Give back the whole listing verbatim, printing none of its pictures.

══ Dataset content ══

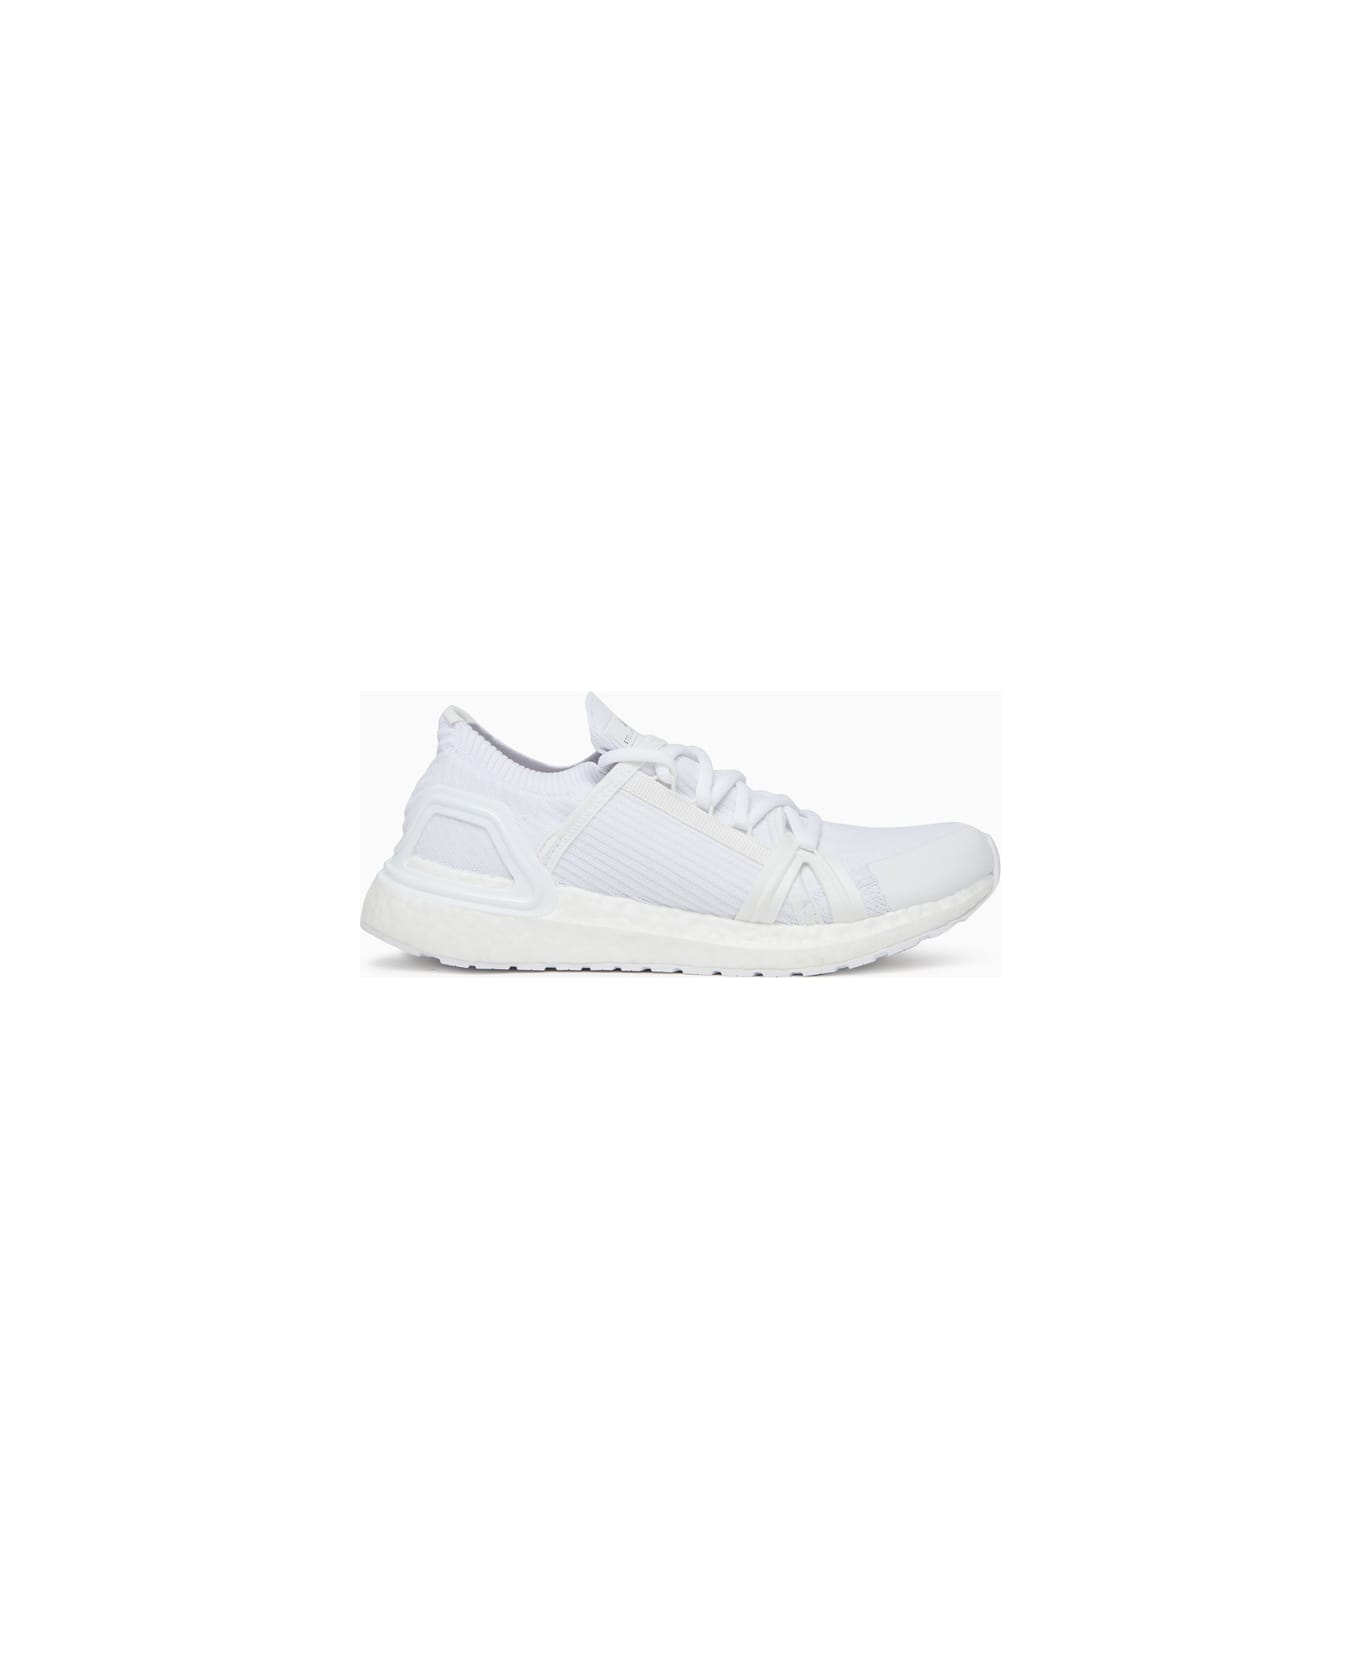 Adidas by Stella McCartney Asmc Ultraboost 20 Sneakers Hp6701 - White
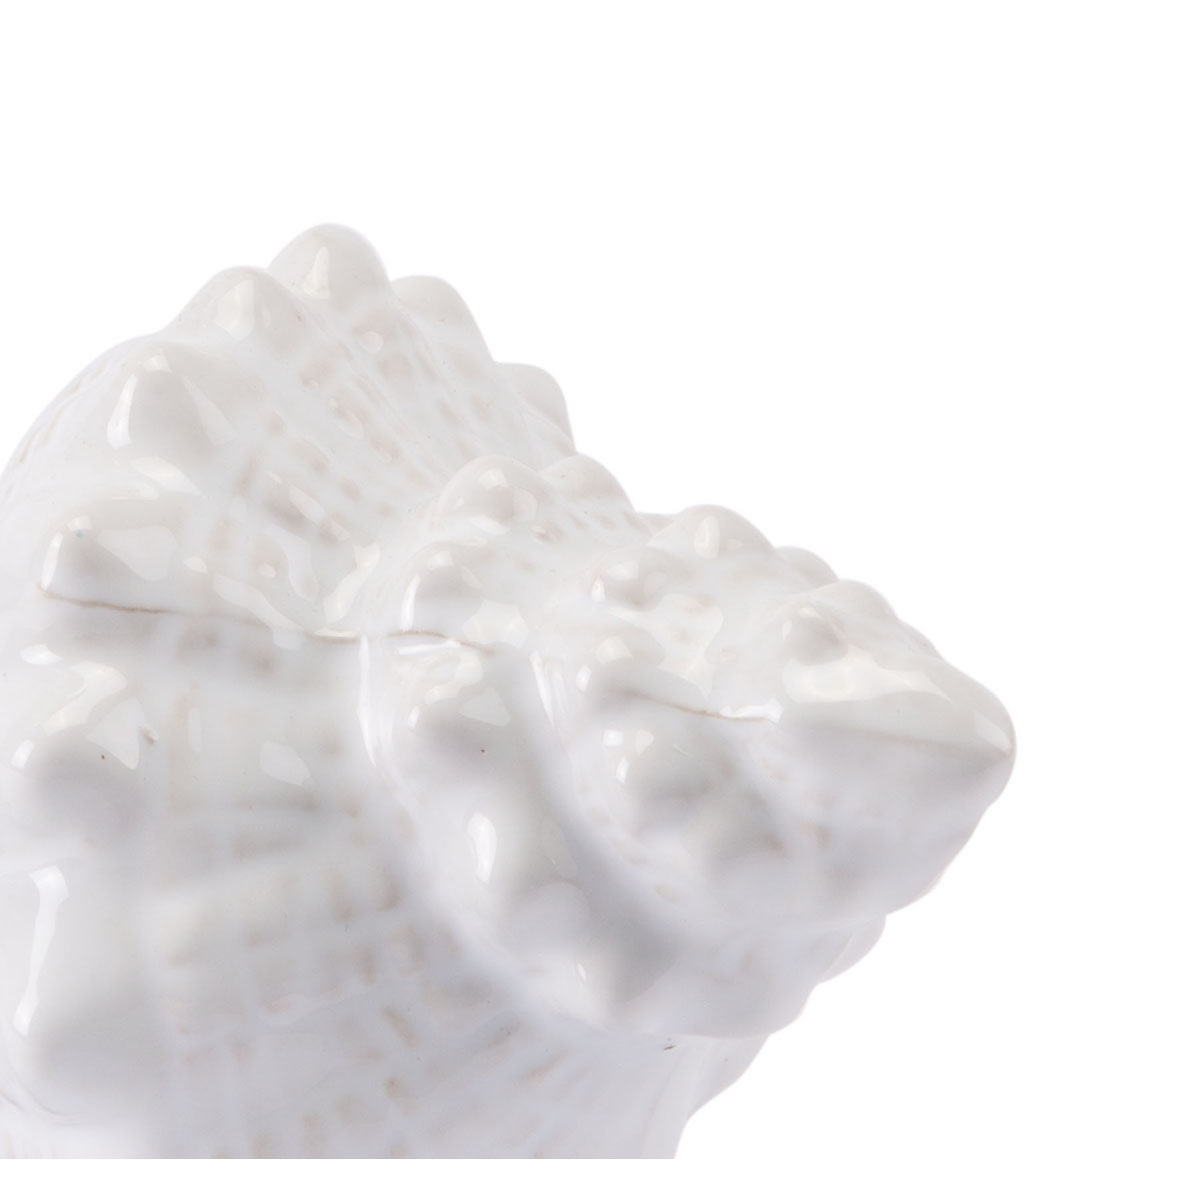 8.3" x 4.9" x 4.1" White, Ceramic, Small Shell
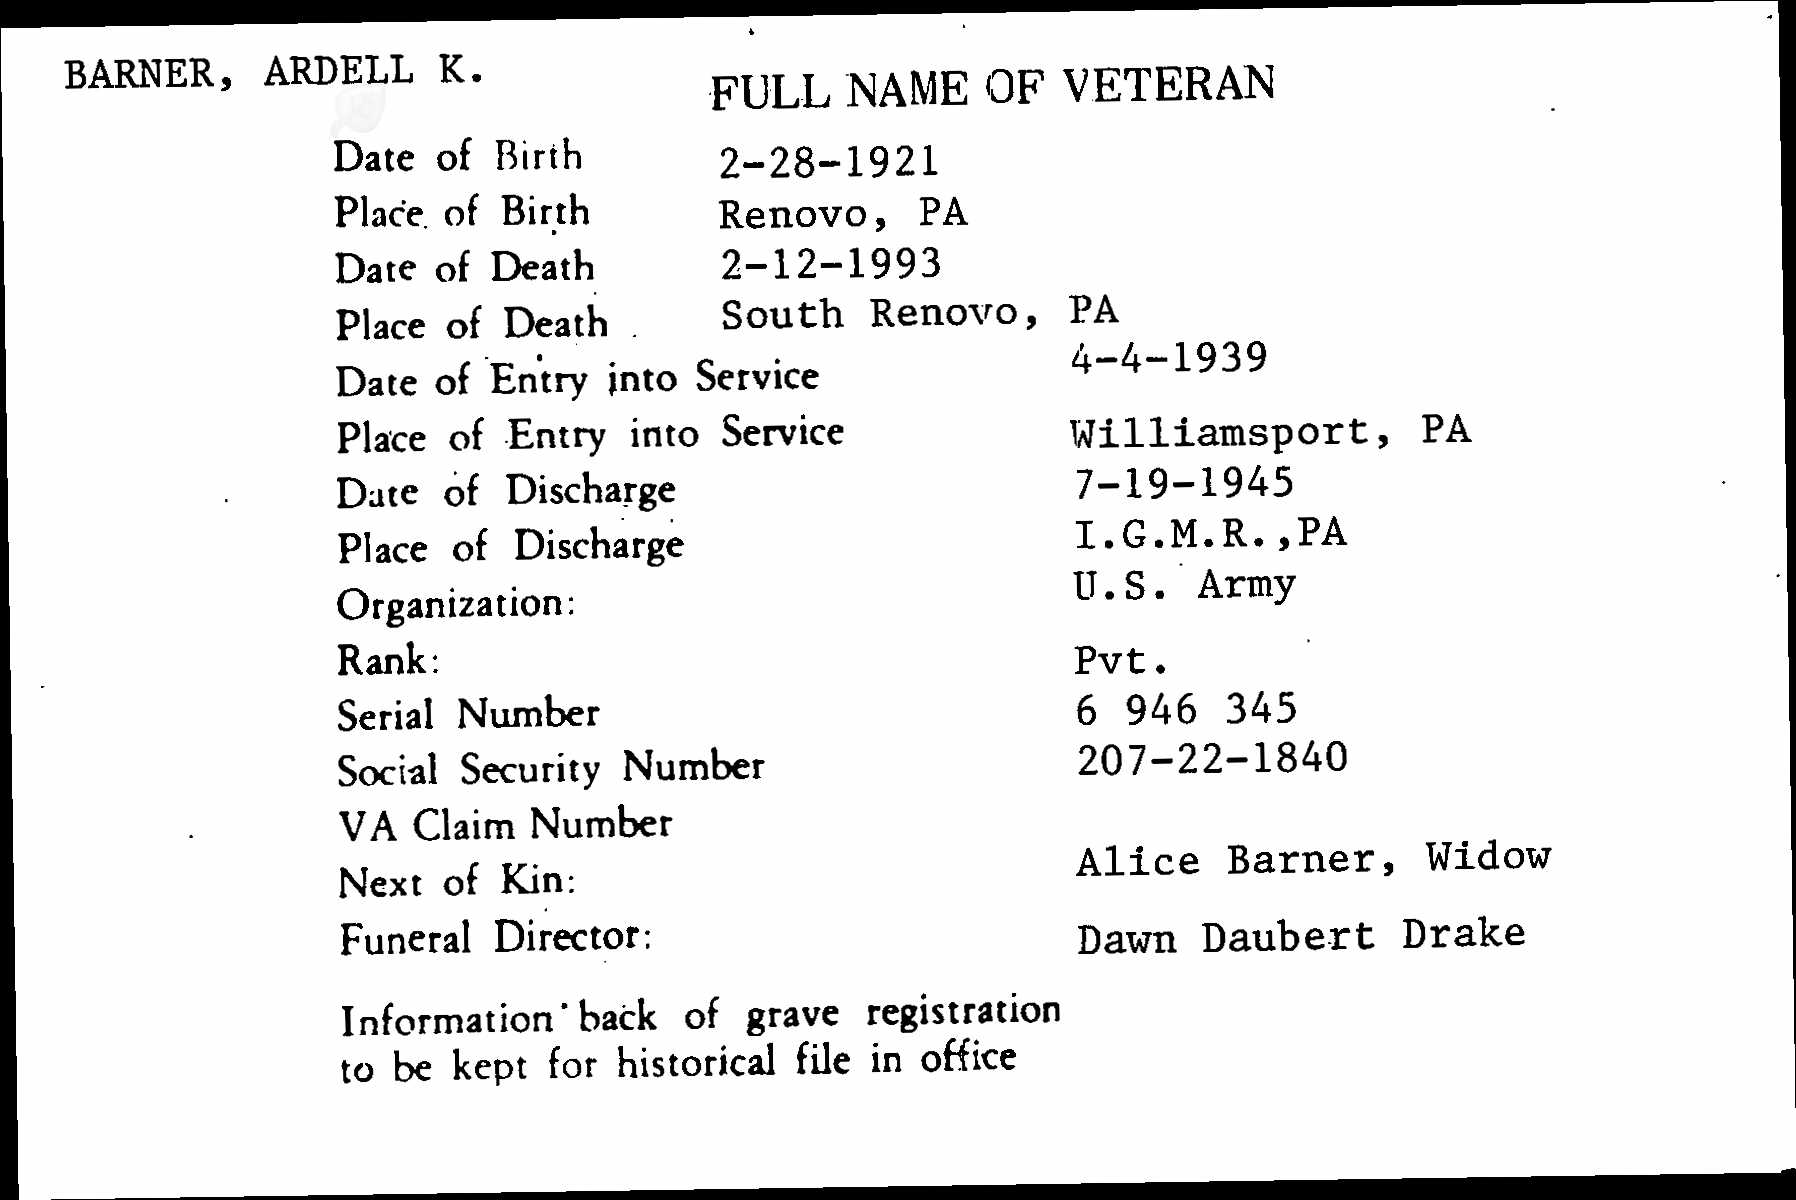 Ardell K. Barner burial card
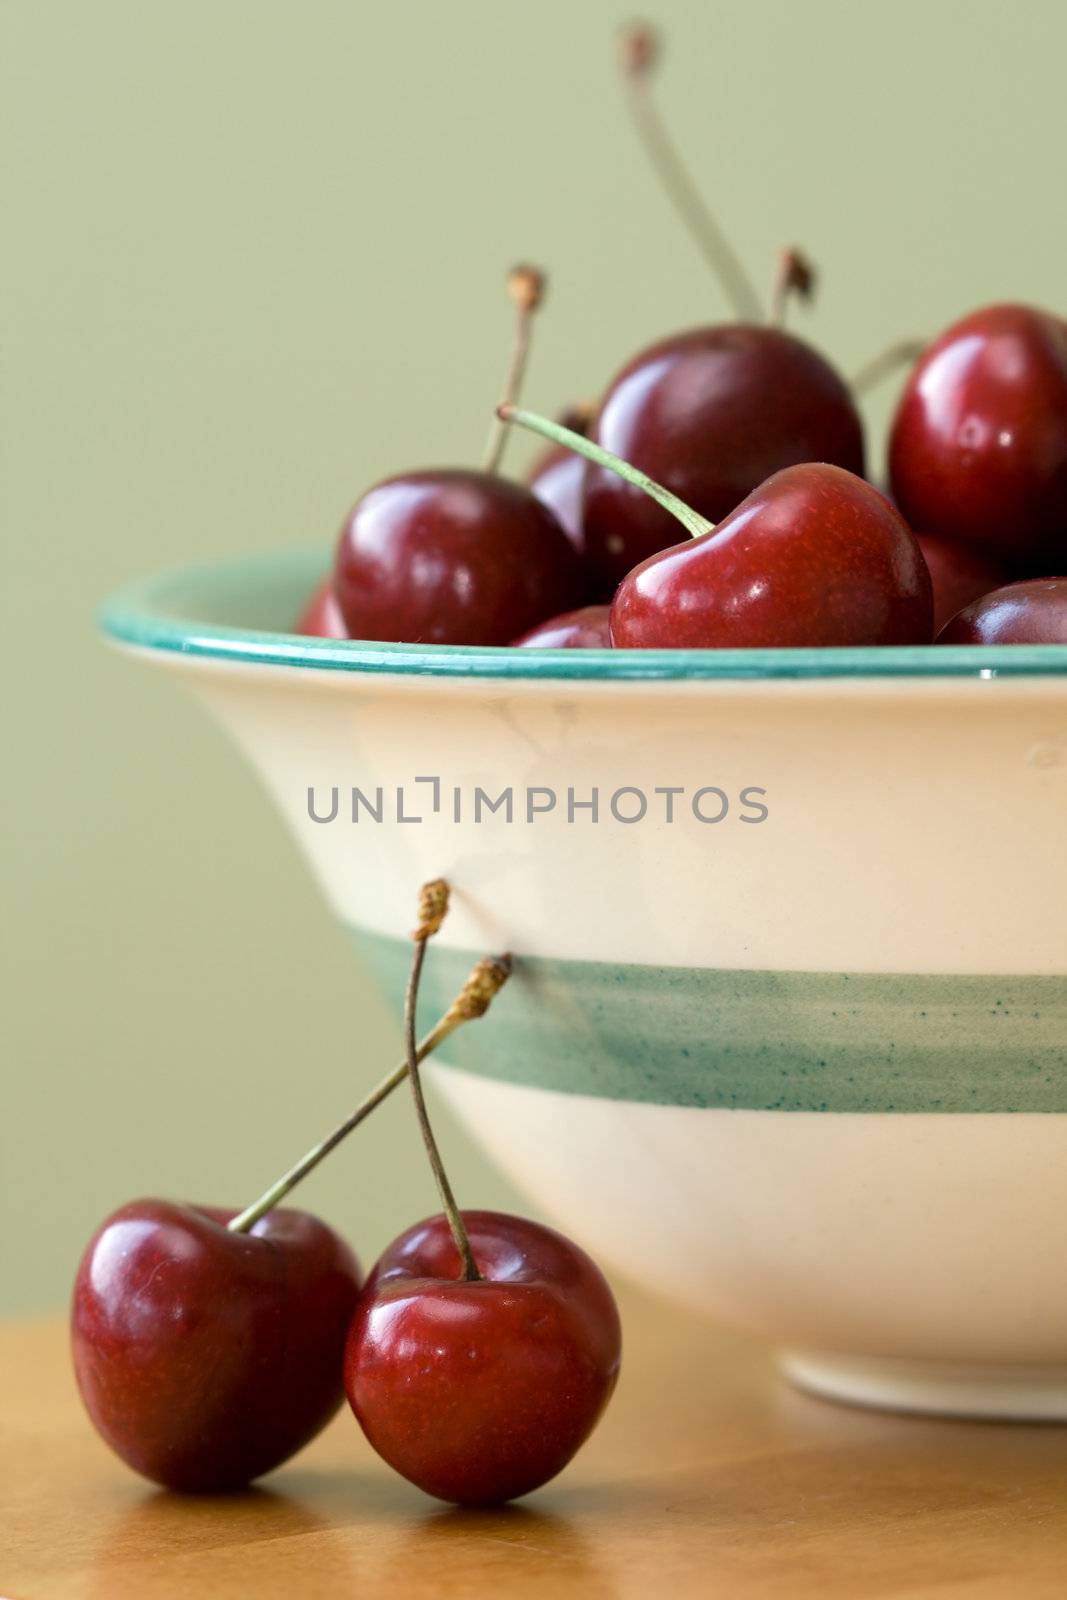 Black cherries in a green striped bowl

═══

# Written solution:
 Adidas by Stella McCartney Asmc Ultraboost 20 Sneakers Hp6701 - White
 8.3" x 4.9" x 4.1" White, Ceramic, Small Shell
 Ardell K. Barner burial card
 Black cherries in a green striped bowl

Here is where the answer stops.